Old Traditions, New Standards 
In 1996 the band released their full-length debut, Old Traditions, New Standards on Harriet Records. The album included the singles "Superboy & Supergirl" and "Josie". In 2022, Old Traditions, New Standards was included on Pitchforks list of The 25 Best Indie Pop Albums of the '90s. The following year the band released a series of 7" singles on labels in Japan, England, Germany, and the U.S. They built up a large following by touring extensively all over the United States.

City of Subarus 
Chris Munford officially joined Tullycraft in 1998 after a few guest appearances with the group. Munford contributed keyboards, guitar and recording engineer to the band's second full-length album, City of Subarus, released on Cher Doll Records that same year. The entire album was recorded in a house that Munford, Miklusek and Fell rented near the University of Washington in Seattle. Sean wrote about the experience of making this album on the band's website.

The Singles 
Guitarist and founding member, Gary Miklusek decided to leave the group after a U.S. tour for the City of Subarus album. His last appearance with the band was at the San Francisco Popfest in 1999. After the departure of Miklusek, the band's future was unclear. During the break a twenty-two track singles, b-sides and rarities compilation simply titled The Singles was released on Darla Records in late 1999.

Beat Surf Fun 
Following a hiatus that lasted most of 2000, the band started the writing process for what would become their third full-length album, Beat Surf Fun. Recording commenced in 2001 at a rehearsal space in Ballard, Washington. Harold Hollingsworth was recruited to take over lead guitar duties. Hollingsworth had played with the band briefly in 1997 on a U.S. tour.

The third album, Beat Surf Fun was released on Magic Marker Records in 2002. The album included the singles "Wild Bikini" and "Twee". In 2003, Tullycraft played shows in England, Sweden, Norway, and the Netherlands in support of the Beat Surf Fun album.

Disenchanted Hearts Unite 
In 2004, the band began working on what would be their fourth full-length album, Disenchanted Hearts Unite. Just prior to the album's release, guitarist Harold Hollingsworth left the band.

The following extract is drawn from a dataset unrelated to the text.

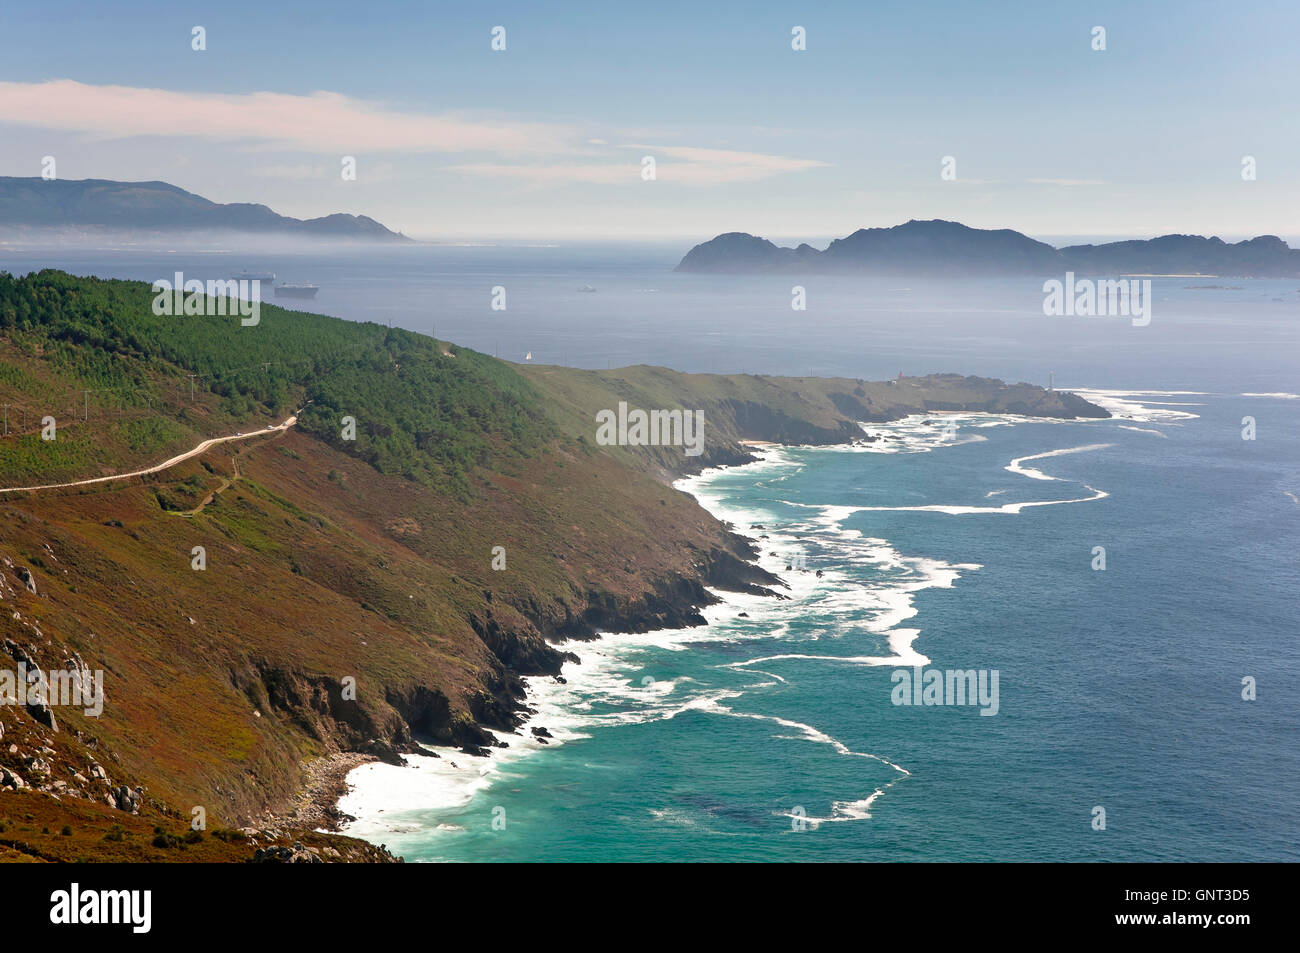 Panoramic view of the Cape Home with fog, Donon, Pontevedra province, Region of Galicia, Spain, Europe Stock Photo

On May 3, 2005 Disenchanted Hearts Unite was released on Magic Marker Records. The band re-emerged with a new line-up that included Corianton Hale (lead guitar) and Jenny Mears (vocals). Some critics consider the album to be the band's finest. Although Tullycraft did not embark on a full U.S. tour to promote Disenchanted Hearts Unite, they did play a number of universities, the occasional pop festival, and the SXSW music festival in Austin, Texas in 2006 and 2007.

Every Scene Needs a Center 
On October 23, 2007, the fifth full-length album, Every Scene Needs a Center, was released on Magic Marker Records. The band spent over a year working on the album, splitting time between their own recording studio and Soundhouse Studio in Seattle, Washington. Described as a vampire indie-pop opera, the album included the singles "The Punks Are Writing Love Songs" and "Georgette Plays a Goth". In 2015 Magic Marker Records reissued Every Scene Needs a Center on limited edition vinyl.

Lost in Light Rotation 
After a three-year hiatus the band began working on a new album during the summer of 2012. Recording began with Pete Remine at Dubtrain Studio in Seattle. The songs were mixed at Avast Recording Co. with producer Phil Ek. The result was the band's sixth album, Lost in Light Rotation – the first Tullycraft full-length since 2007's Every Scene Needs a Center. The album received some of the best press in the band's career.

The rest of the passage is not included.